* Input material
::::::::::
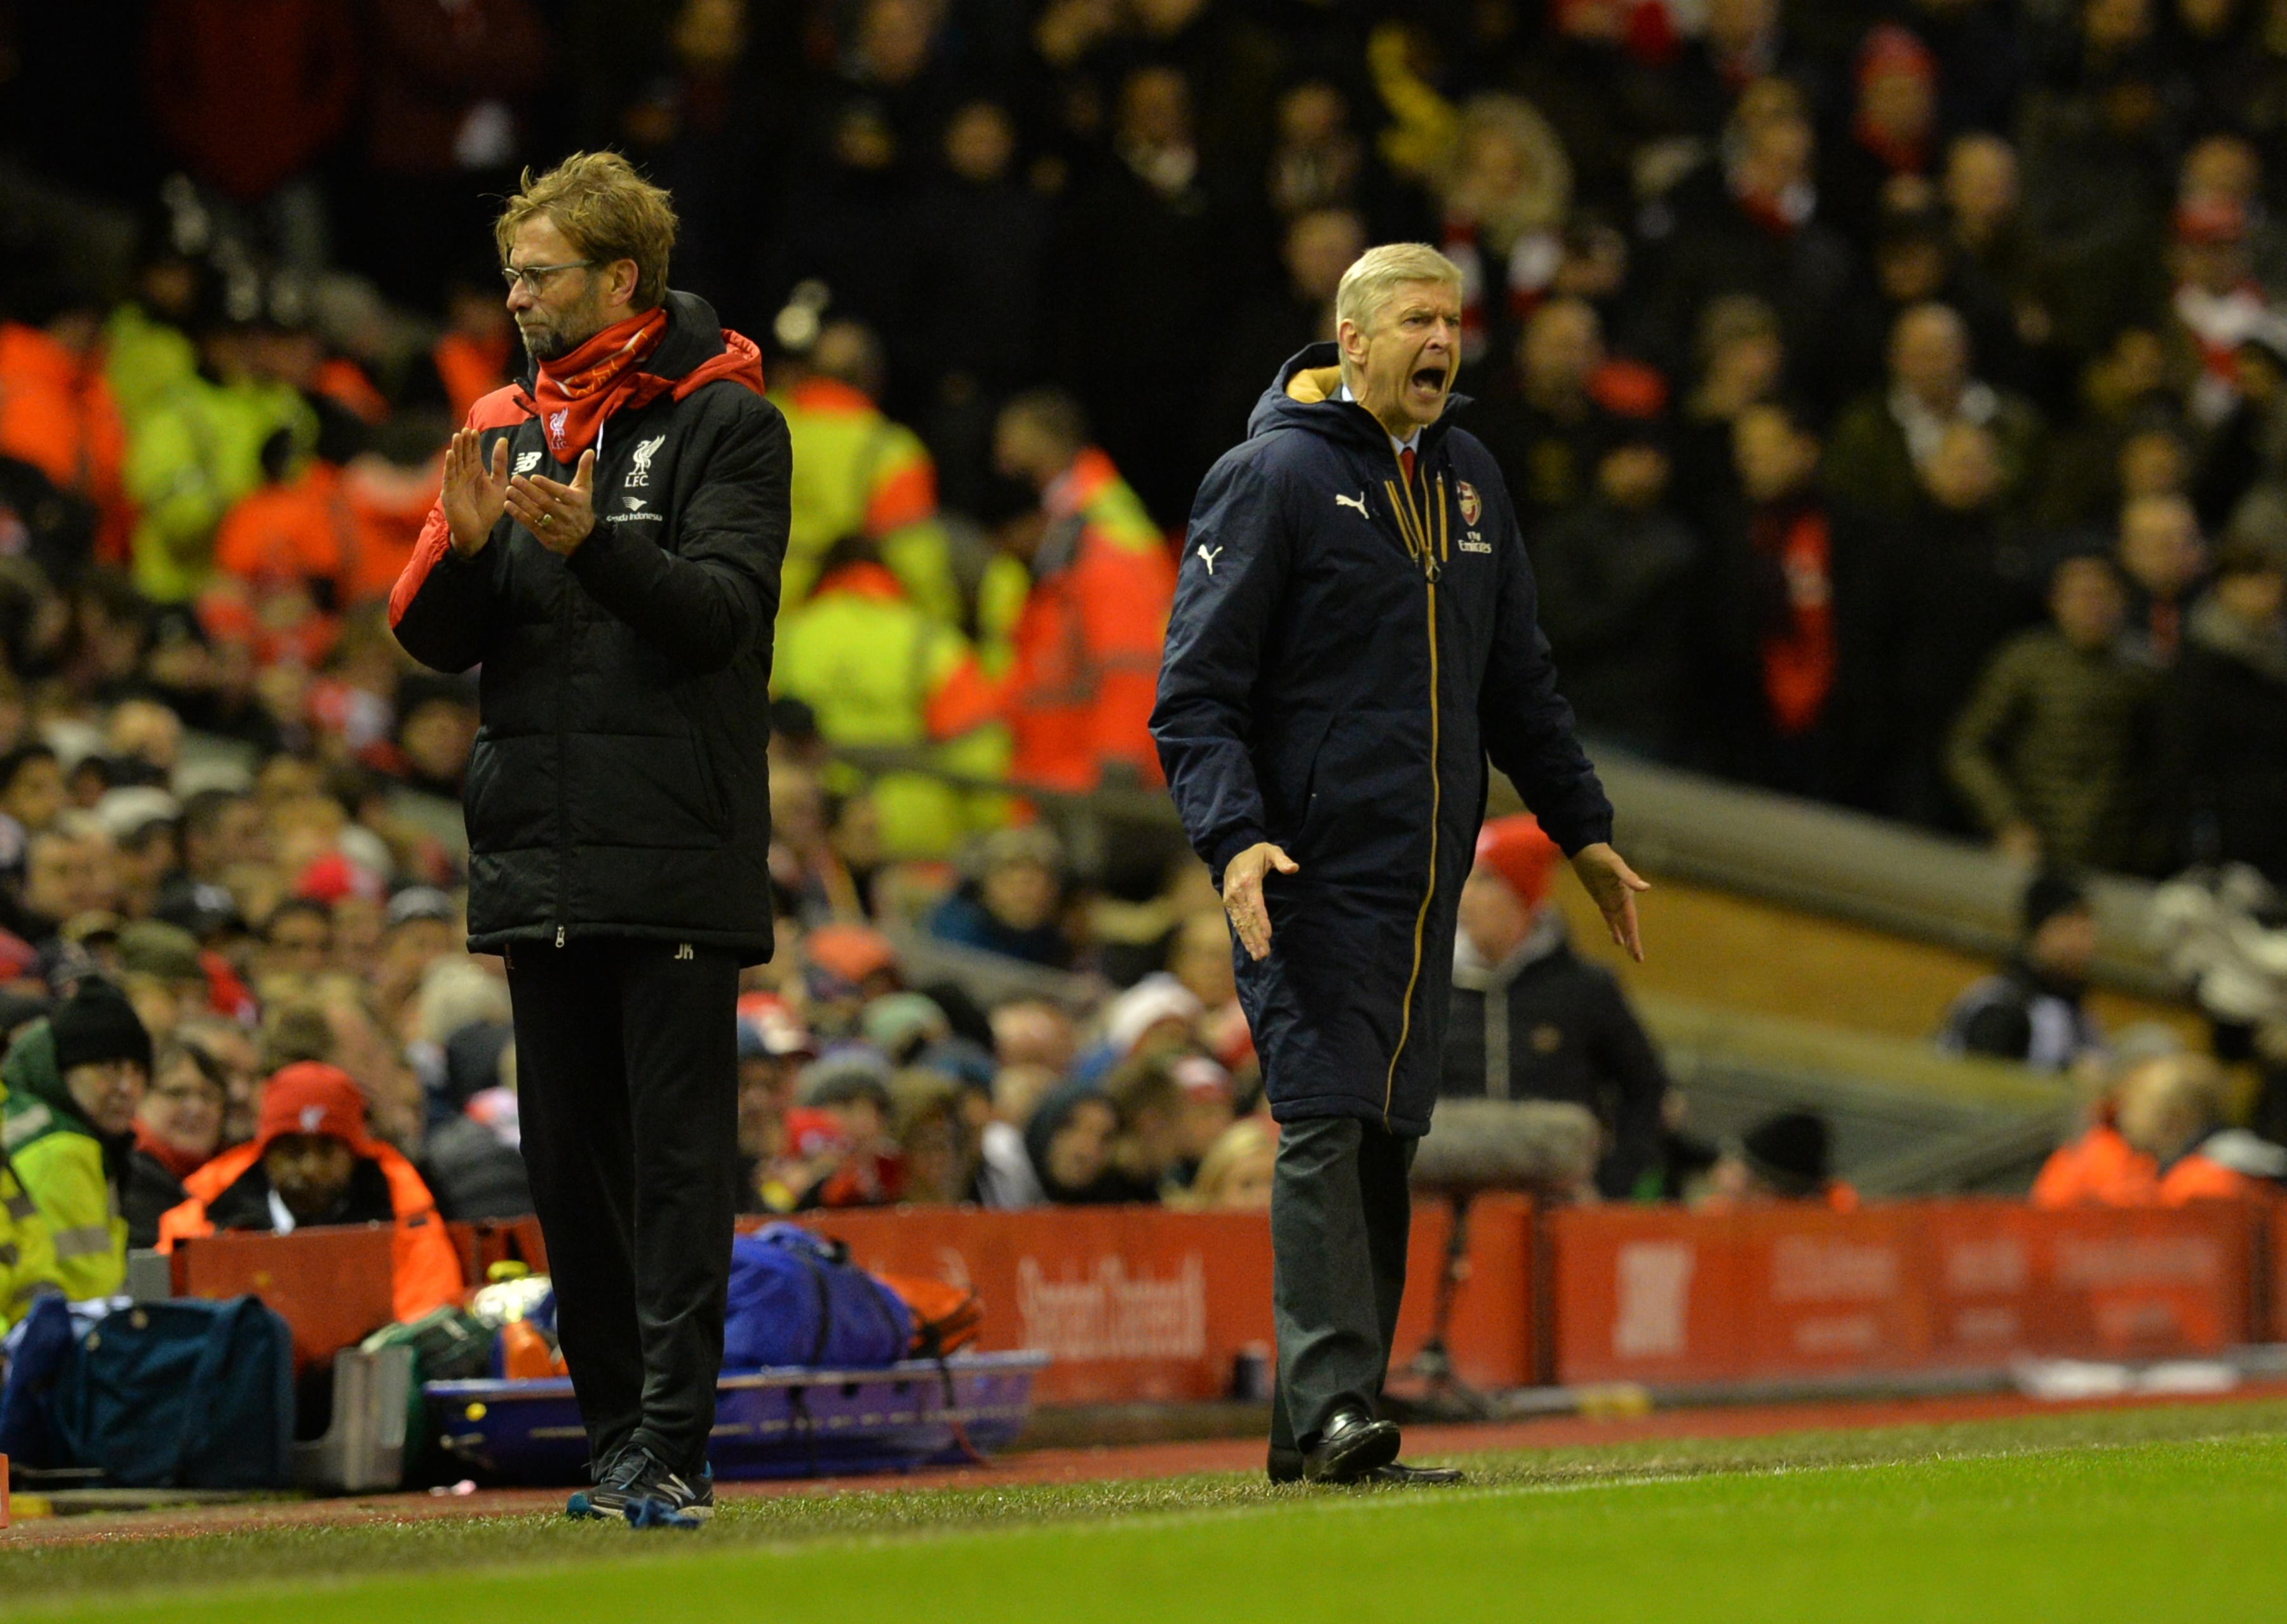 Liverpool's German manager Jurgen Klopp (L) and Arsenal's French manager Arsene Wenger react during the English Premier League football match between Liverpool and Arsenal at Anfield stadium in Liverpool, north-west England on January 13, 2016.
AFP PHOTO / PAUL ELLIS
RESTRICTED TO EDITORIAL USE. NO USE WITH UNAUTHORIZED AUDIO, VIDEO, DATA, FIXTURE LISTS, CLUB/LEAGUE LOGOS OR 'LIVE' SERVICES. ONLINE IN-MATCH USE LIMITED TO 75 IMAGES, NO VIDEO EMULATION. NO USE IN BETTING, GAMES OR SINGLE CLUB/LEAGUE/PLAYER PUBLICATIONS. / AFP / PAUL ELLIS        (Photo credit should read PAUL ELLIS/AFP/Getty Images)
::::::::::
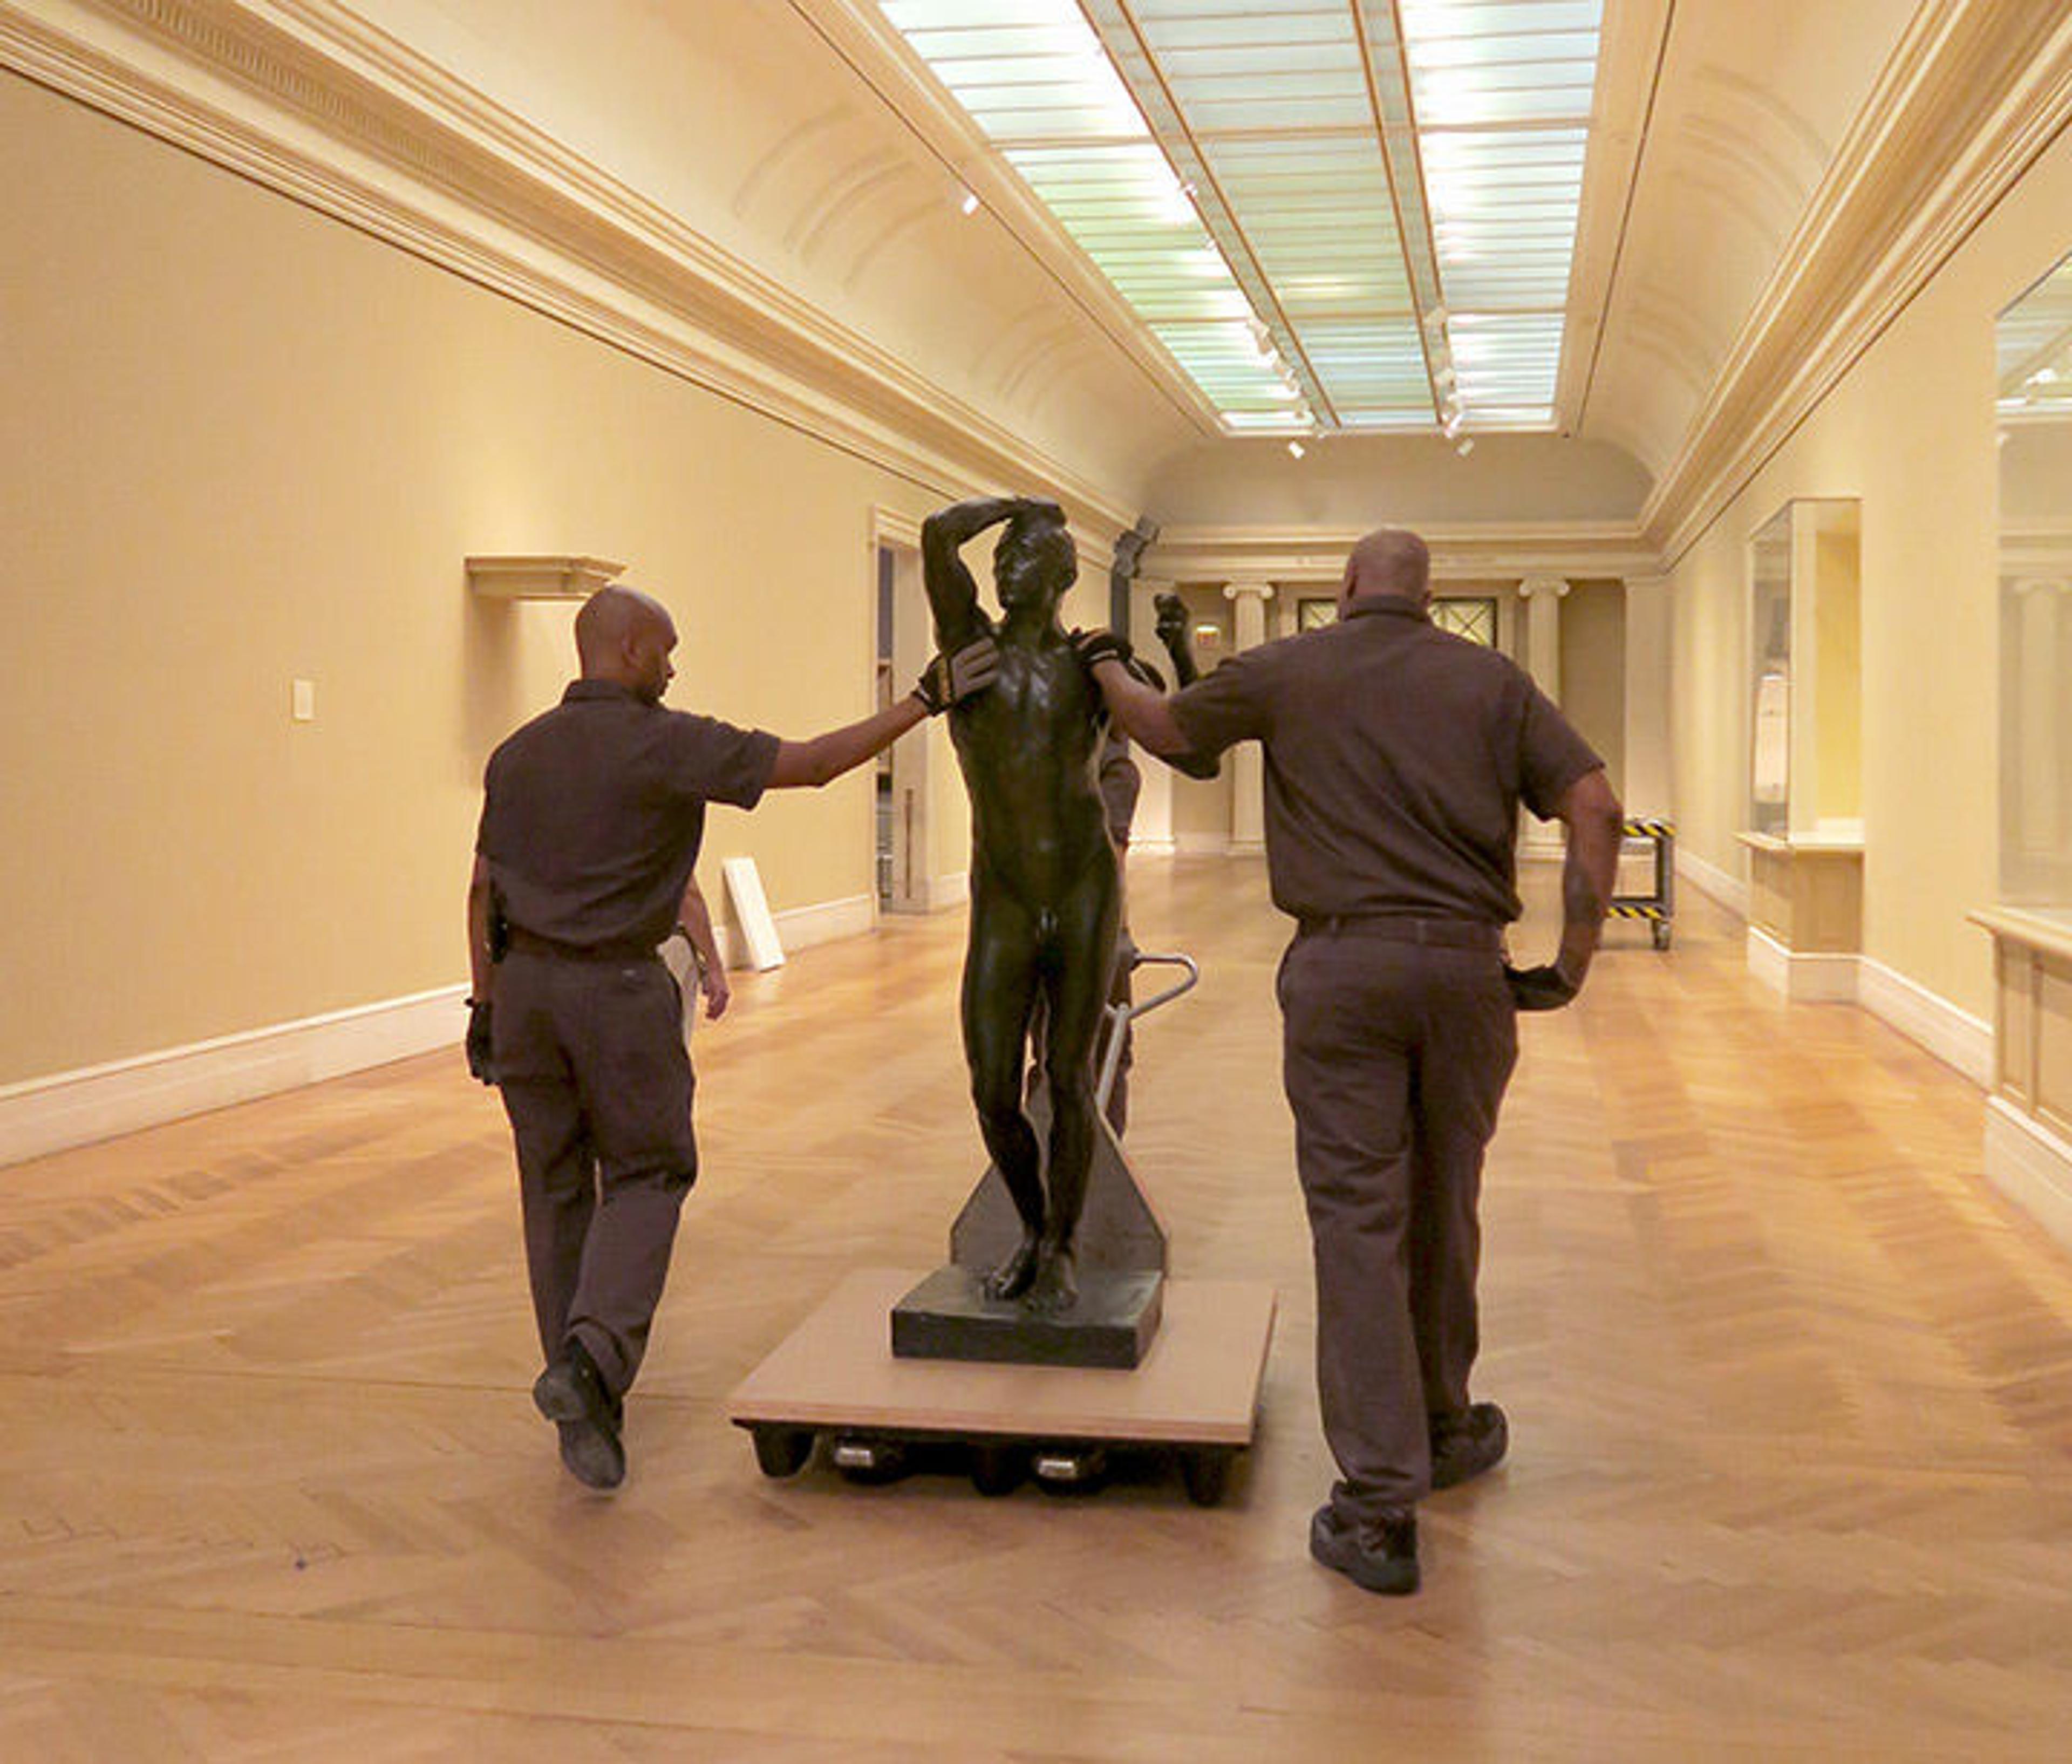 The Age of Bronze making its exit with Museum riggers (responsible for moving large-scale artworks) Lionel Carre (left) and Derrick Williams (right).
::::::::::
* Your task
Where in the records does the string "ELLIS" appear? Copy every line that has it.

* Answer below
AFP PHOTO / PAUL ELLIS
RESTRICTED TO EDITORIAL USE. NO USE WITH UNAUTHORIZED AUDIO, VIDEO, DATA, FIXTURE LISTS, CLUB/LEAGUE LOGOS OR 'LIVE' SERVICES. ONLINE IN-MATCH USE LIMITED TO 75 IMAGES, NO VIDEO EMULATION. NO USE IN BETTING, GAMES OR SINGLE CLUB/LEAGUE/PLAYER PUBLICATIONS. / AFP / PAUL ELLIS        (Photo credit should read PAUL ELLIS/AFP/Getty Images)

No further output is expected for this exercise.